Elizabeth had said she and Jonathan went to school together, which would make him her age, thirty, three years older than me.
His green eyes appraised me in a manner that must have matched my own.
I narrowed my gaze. “Why are you here? She didn’t say you were coming.” I hadn’t intended to sound accusing, but it seemed a valid question.
“I wasnae until the day before yesterday. Julien’s brother-in-law asked me to come.”
“On the spur of the moment?” I lifted a quizzical eyebrow. “Why?”
He ran a hand through his hair. “Do you mind if we get out of here?”
I pursed my lips. “Why didn’t you answer my question?”
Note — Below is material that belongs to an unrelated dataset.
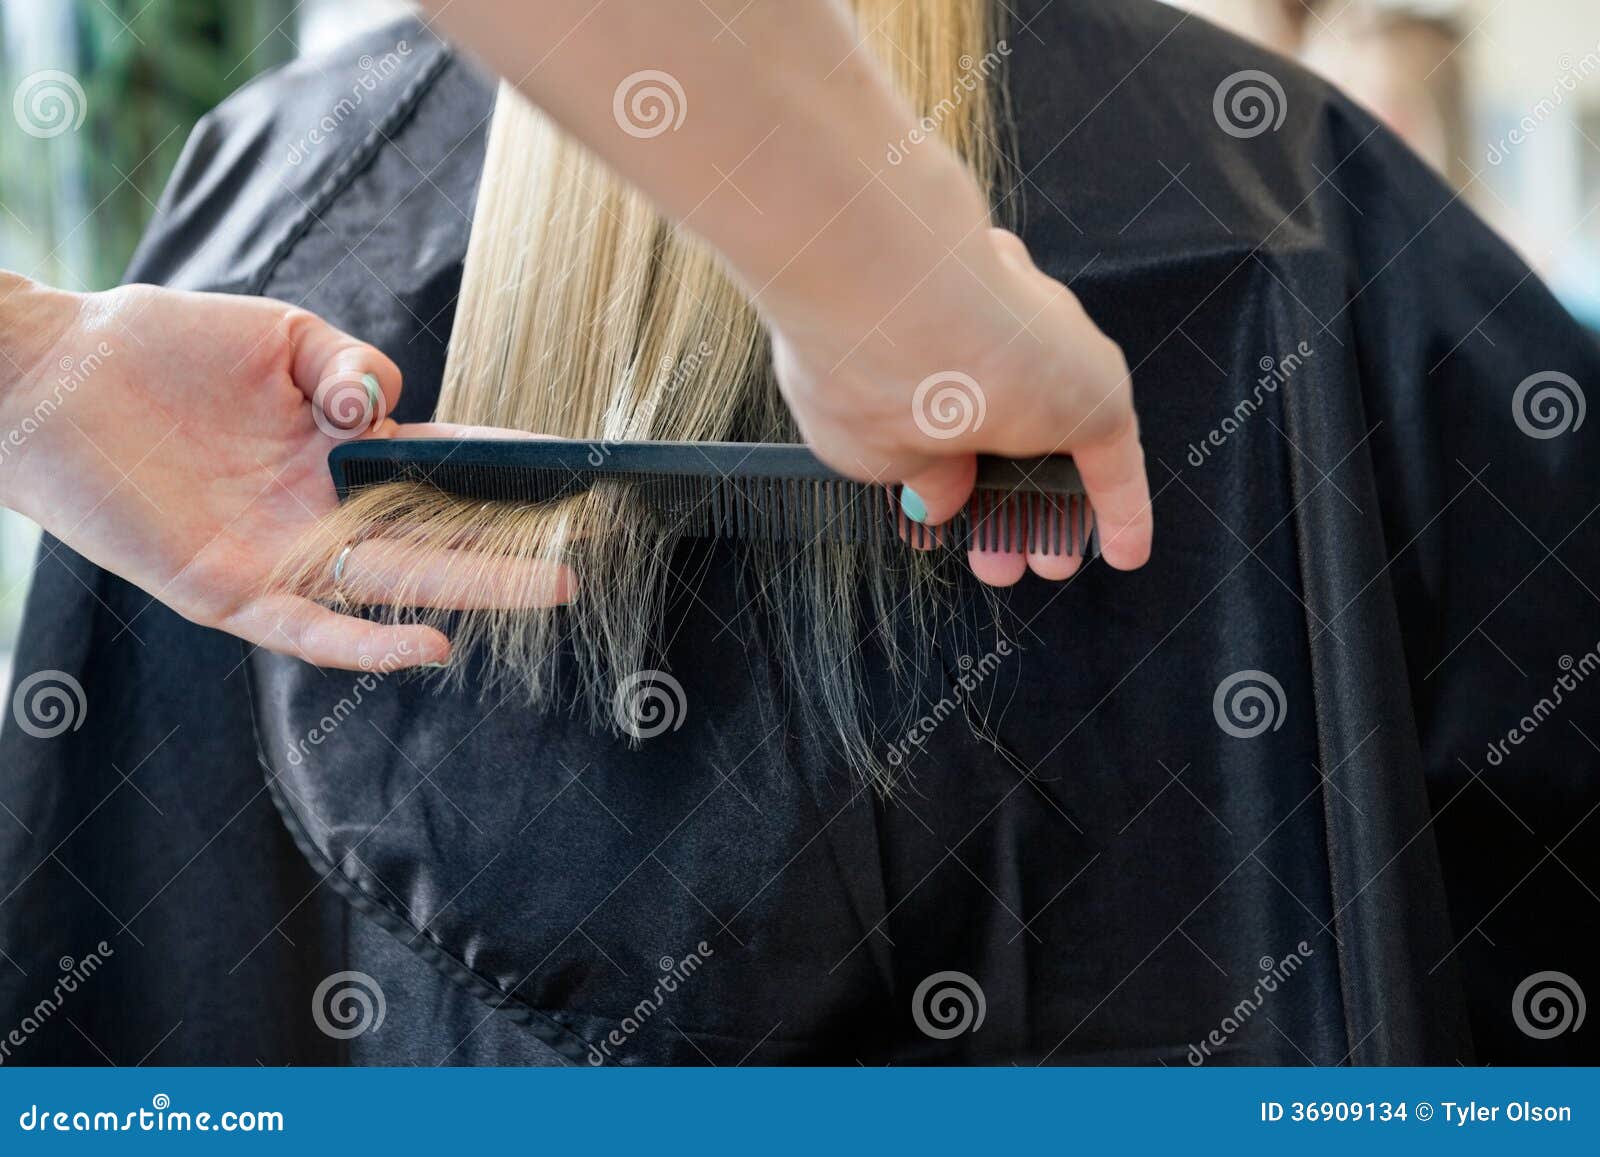 Frisör som kammar hår av kunden. Frisör som kammar hår av en blond kvinnlig kund för frisyr på salongen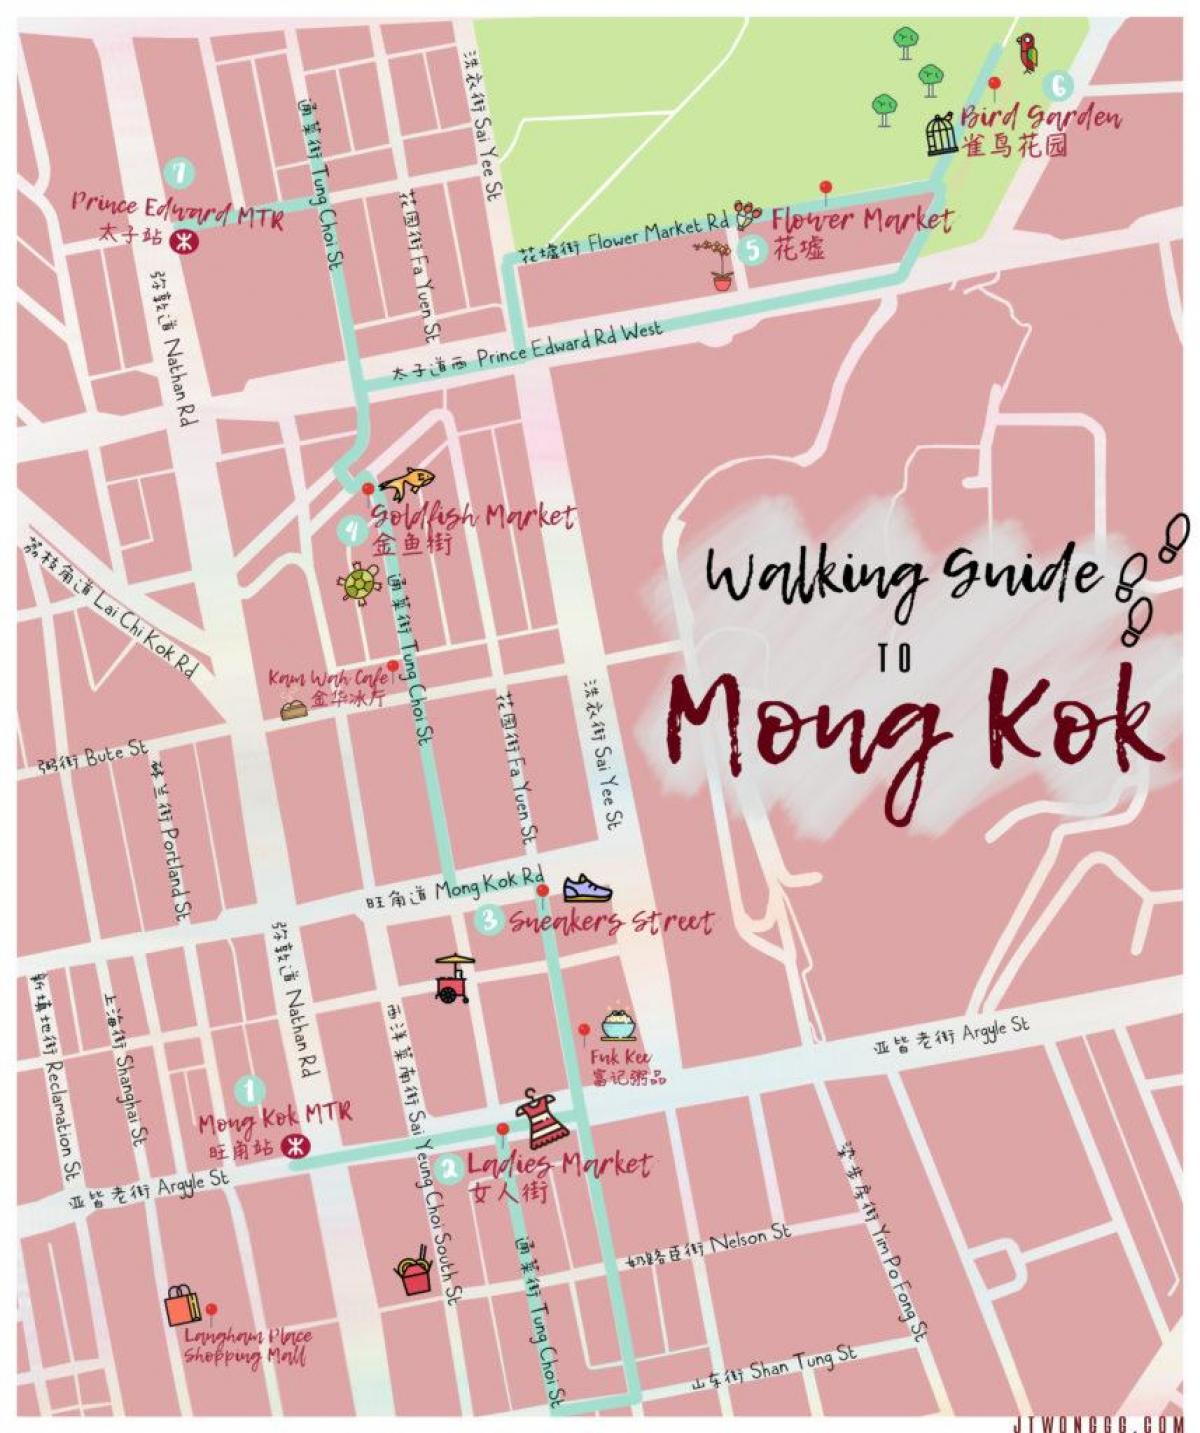 نقشه مونگ کوک هنگ کنگ

A frown nestled into his brow. “I’ll answer it. Just not here.” 
Strange. “Why not?”
“In case the person I thought you were arrives.”
I reached for the slider’s frame, tension tightening in my belly. “What person? Where is Elizabeth? This is her room, right?”
“Aye.”
I frowned. “So, what am I missing?”
“Have you had dinner yet?”
The off-the-wall question threw me, and I blinked.
“Let’s go get something to eat, and we’ll talk.”
Why the total fob off?
I dropped my hands to my hips. “Why won’t you tell me what’s going on?”
“Because staying here isn’t a good idea. Besides, I’m hungry, and I’ll bet you haven’t eaten either.”
How did he even know that?
A guess, obviously, but his evasiveness frustrated me, and I got the undeniable impression he wouldn’t tell me anything unless I humored him.
“How aboot I meet you outside in, say, twenty minutes?” he suggested. “There’s a garden at the side of the hotel.”
I didn’t seem to have a choice. “Okay, I’ll go back the way I came.”
Jonathan nodded.
As I vaulted over the railing, the glass slider swooshed along its track until its lock clicked, and Jonathon disappeared behind the curtains.
Chewing my lip, I marched into my room.
Mysteries were fine in books but not in real life.
What was he hiding? Where were Elizabeth and Julien? And what in the world had Jonathan been doing in their room in the first place?
I ran a brush through my mess of short curls and washed the heat from my cheeks with cold water.
Natural-colored hemp slacks and a purple tee covered my internal dishevelment. I grabbed my wallet and headed down to the garden to meet the annoyingly evasive Jonathan Sullivan.